Suspension clogging, gas clogging and compaction clogging are all types of physical clogging, with clogging caused by suspended particles being the most common (Xiao & Reddi 2000). Suspended particles include colloids (diameter: <1 μm), intermediate (diameter: 1–30 μm) and large (diameter: >30 μm) particles. Most research on physical clogging mechanisms has focused on large particles (Rinckpfeiffer et al. 2000; Rehg et al. 2005; Ye et al. 2010), with clogging that arises from a colloidal suspension in the MAR process having been much less studied. Mays & Hunt (2005) concluded that solution pH, ionic strength (IS) and exchangeable ions together determine colloid stability, and hence the morphology of the deposited colloids and the resulting permeability of the formation. However, there is little experimental data on the effects of colloid effects on clogging in the MAR process. One exception was Roth et al. (2015), who showed that a reduction in permeability was strongly associated with the fractal dimension of the deposited colloid's morphology. However, the transport, release and deposition of colloids in porous media are very complicated, as the colloids are simultaneously under the influence of various factors, including IS, surface roughness and hydrodynamic conditions (Bradford et al. 2009a, 2009b; Bradford et al. 2011; Mesticou et al. 2014; Sasidharan et al. 2014). Consequently, the mechanisms of clogging by colloids need to be studied in greater detail. In this study, we examined the clogging of porous media by colloids and the influence of IS and media roughness.

MATERIAL AND METHODS

Colloids and electrolyte solution

The colloid (Thermo Scientific Corp.) was composed of polystyrene microspheres (2 μm in diameter) dyed with green fluorescent dyes and packaged as aqueous suspensions (1% (w/w) solids and a density of 1.06 g/cm3) in deionized water. The stock colloid solution was diluted 312 times with electrolyte solution for the transport experiments.

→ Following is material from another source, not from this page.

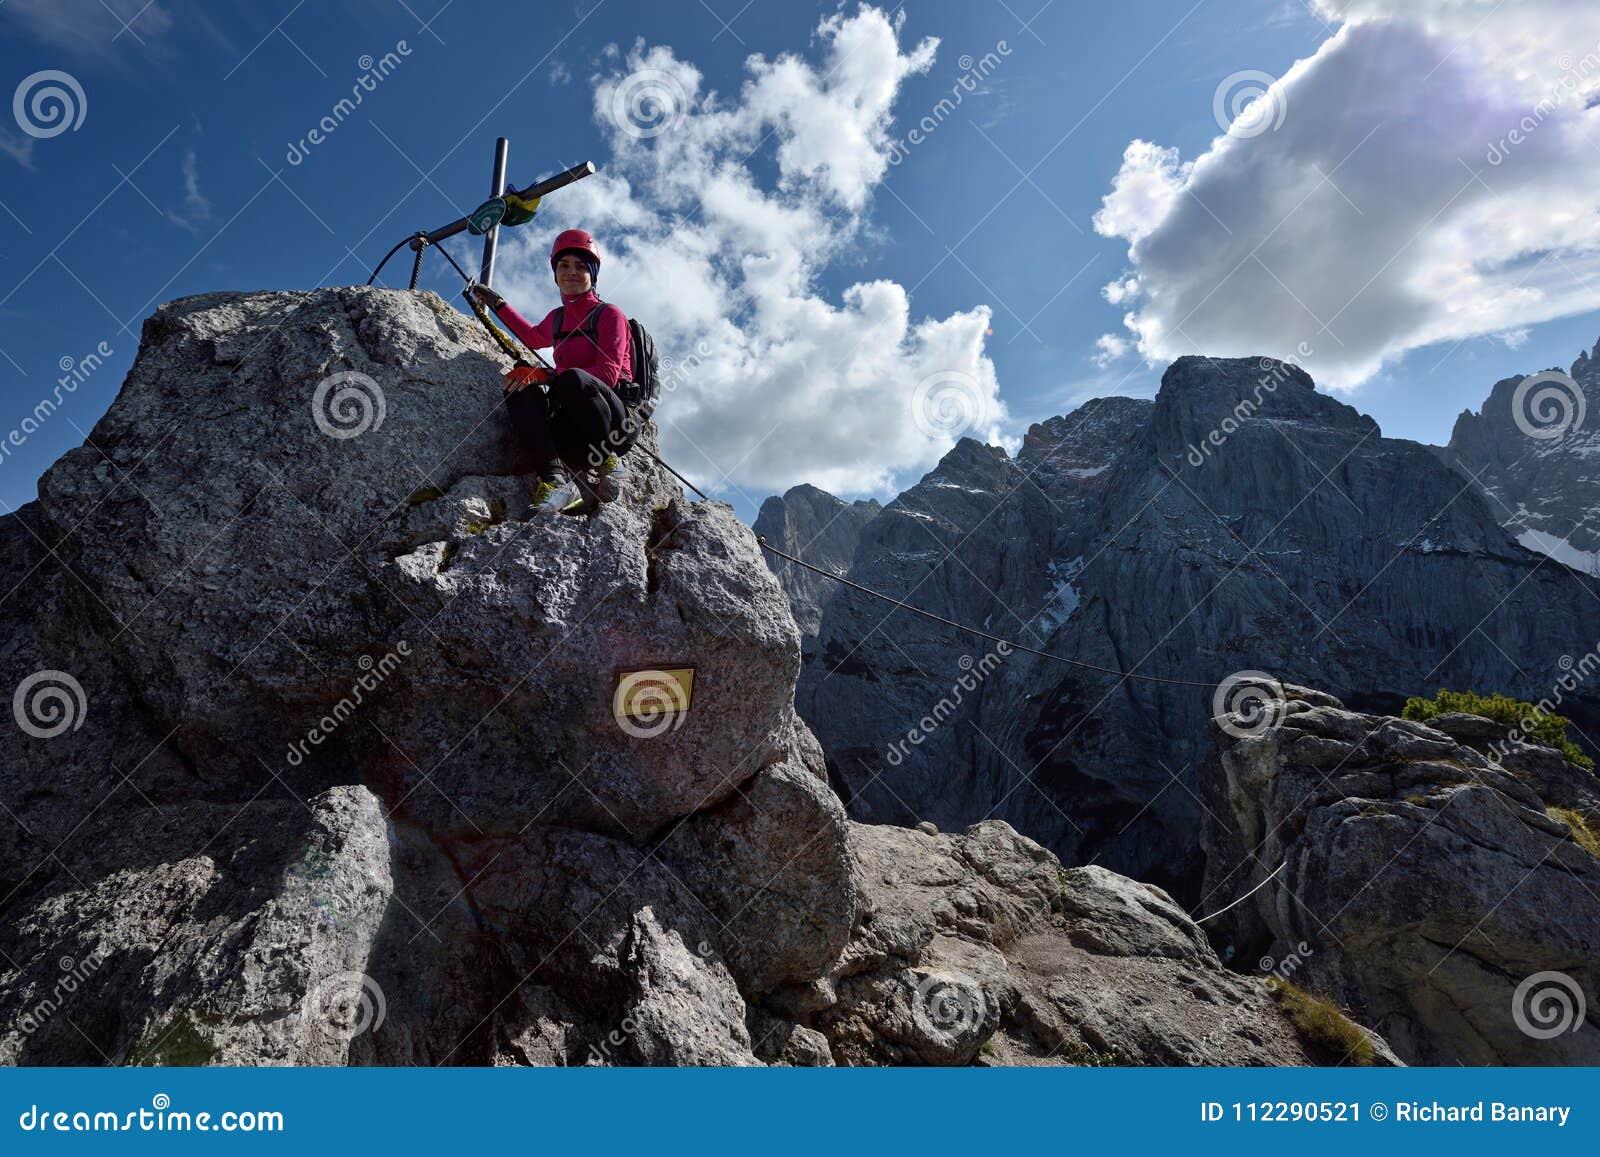 Klettersteig Austria : Hundskopf klettersteig zahmer kaiser tirol austria editorial

It was found that when the IS was <50 mM, the deposition behavior of the colloid was likely to be obstructed by energy barriers within the colloid particles, but when IS > 100 mM, the conditions favored irreversible colloid deposition on the sand surface (Treumann et al. 2014). So, the recharge water ionic strength was reproduced using Milli-Q water and NaCl with values of 0 mM, 30 mM and 150 mM.

Porous media

River sand (no manufacturers) and glass beads (Chemical Laboratory Equipment Company, China) served as the porous media in the column experiments. The river sand and glass beads were each thoroughly rinsed with Milli-Q water to eliminate background impurities and then soaked in 37% (w/w) hydrochloric acid for 24 h to remove metals from the surface. The medium was then rinsed with Milli-Q water until the liquid supernatant reached pH 5.89. The river sand had a median grain size of 254.8 μm in diameter, as determined by a laser scattering particle size analyzer (Bettersize2000, Baxter Company, China). According to the manufacturer, the median grain size of the glass beads ranged from 224 to 250 μm in diameter.

Column experiments

The experimental set-up included a column, a peristaltic pump (BT100-1F, Longer Company, China), a fraction collector (CBS-A, Huxi Company, China), two pressure transmitters (A-10, WIKA Company, Germany), and a data acquisition system (Figure 1). The column was made of plexiglass and measured 16 cm in length with a 2-cm internal diameter. Gauze mesh placed inside the end caps was used to support the porous media and also helped spread the input solution laterally throughout the column. The column was wet packed with the river sand or glass beads.

Figure 1

Experiment set-up for the colloid clogging experiments. ① Solution; ② Peristaltic pump; ③ Column; ④ Data acquisition system; ⑤ Computer; ⑥ Fraction collector; ⑦ Flow direction; ⑧ Transducer.

Figure 1

Experiment set-up for the colloid clogging experiments. ① Solution; ② Peristaltic pump; ③ Column; ④ Data acquisition system; ⑤ Computer; ⑥ Fraction collector; ⑦ Flow direction; ⑧ Transducer.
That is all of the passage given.